Clint Allred, Ph.D.Clint Allred, Ph.D. is currently a Assistant Professor in the Department of Nutrition and Food Science at Texas A&M University. Dr. Allred received his B.S. in Animal Science from the University of Georgia in 1997. He completed his Ph.D. in nutrition at the University of Illinois in 2002. He then served as a postdoctoral fellow in the department of pharmacology at the University of Kentucky College of Medicine until August of 2006.

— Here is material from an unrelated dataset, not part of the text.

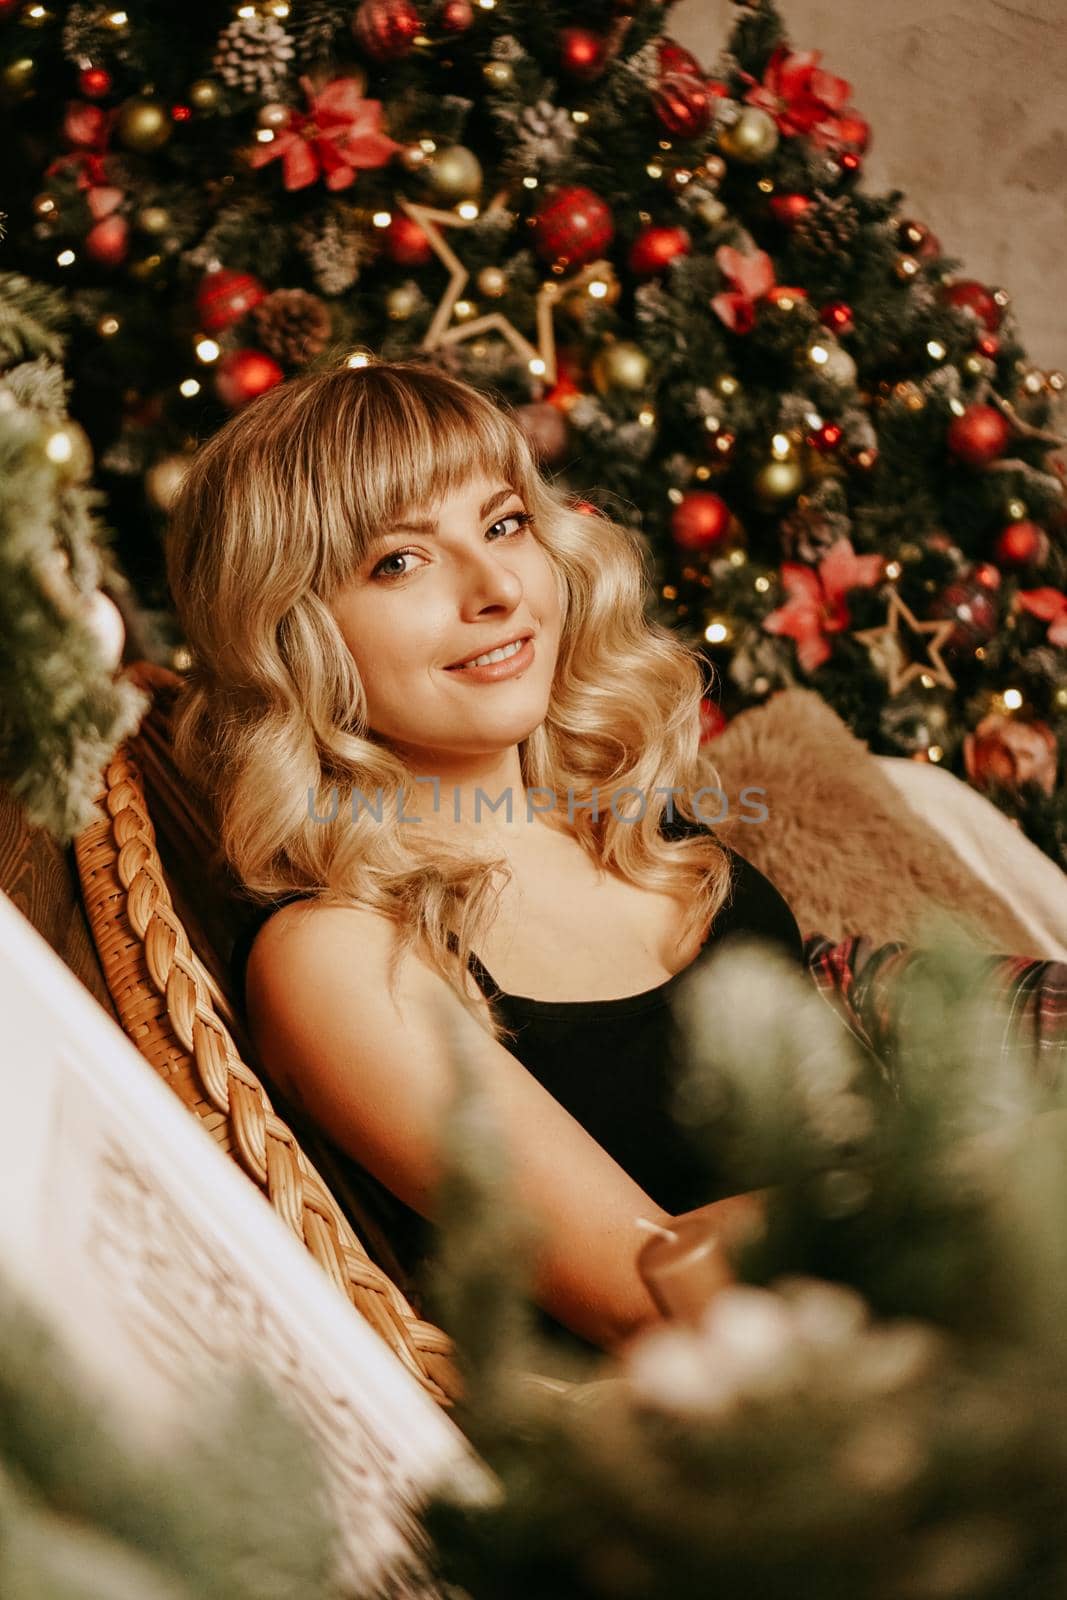 Close up portrait of beautiful young girl with long curly hair on a christmas background with lights. Magic warm new year photo. Cozy interior.

Robert Chapkin, Ph.D.Dr. Chapkin is established in the areas of transmembrane signaling, protein kinase C signal transduction, and cell/molecular biology techniques. His research has been directed towards the modification of those processes by nutritional and pharmacological intervention. His work is supported by grants primarily from the National Cancer institute.
Irina Gaynanova, Ph.D.
Irina Gaynanova, is an Assistant Professor in the Department of Statistics. She is the recipient of the 2018 David P. Byar Young Investigator award . Her interests are on High-dimensional data analysis, machine learning, multivariate analysis, computational statistics, and statistical methods for analyzing biological data.
Weston Porter, Ph.D.
Weston Porter is a professor-joint appointment with Veterinary Medicine & Biomedical Sciences. His interests is determining the role of factors in normal development and how disruption of these pathways results in associated pathologies.
Valen Johnson, Ph.D.
Valen Johnson is a professor and Department Head in the Department of Statistics. His applied research interests include educational assessment, ordinal data analysis, clinical trial design, image analysis and reliability analysis. His current methodological interests focus on Bayesian hypothesis testing and its connections to classical testing procedures. Bayesian variable selection, Markov chain Monte Carlo model diagnostics and latent variable modeling.
Jianhua Huang, Ph.D.
Jianhua Huang is a profession in the department of statistics and a graduate Advisor for the department. His interests include nonparametric and semiparametric models, statistical function estimation using polynomial splines, statistical methods for longitudinal data/panel data, multivariate/functional data analysis, survival analysis, duration data, event history analysis, statistics application on business.
Stephen Safe, Ph.D.
Steven Safe is a distinguished professor in the Veterinary Medicine & Biomedical Sciences. His interests are toxicology and molecular biology of estrogenic and antiestrogenic compounds, molecular mechanisms of estrogen receptor and Ah receptor action and their corsstalk in breast cancer.
Edward Dougherty, Ph.D.
Dr. Dougherty is Professor of Electrical and Computer Engineering and Director of the Genomic Signal Processing Laboratory. He is well-known for bringing engineering approaches into genomic, including the analysis of networks and systems biology more generally.
Ulisses Braga Neto, Ph.D.
Ulisses Braga Neto is an Associate Professor in the department of electrical & computer engineering. His research interests are optimal state and parameter estimation for boolean dynamical systems, discrete prediction and inference of regulatory networks, small-sample classification and error estimation, application sin cancer proteomic biomarker discovery and validation and applications in modeling infectious disease processes.
Guoyao Wu, Ph.D.
Dr. Wu is a Professor of Animal Science, and an expert on glutamine and arganine metabolism and how these molecules are involved in intestinal development of neonates, and in nitric oxide synthesis by mammalian cells. He also studies metabolic changes occurring in colonic epithelial cells.
Arul Jayaraman, Ph.D.
Arul Jayaraman is the Ray B. Nesbitt Chair Professor of Chemical Engineering. His research interests focus on molecular systems biotechnology, specifically on using integrated experimental and modeling approaches for investigating problems in human health and medicine.
Tanya Garcia, Ph.D.
Tanya Garcia is an Assistant Professor for the Department of Statistics. Her research interests are Semiparametric theory, measurement error, survival analysis, model selection and bioinformatics.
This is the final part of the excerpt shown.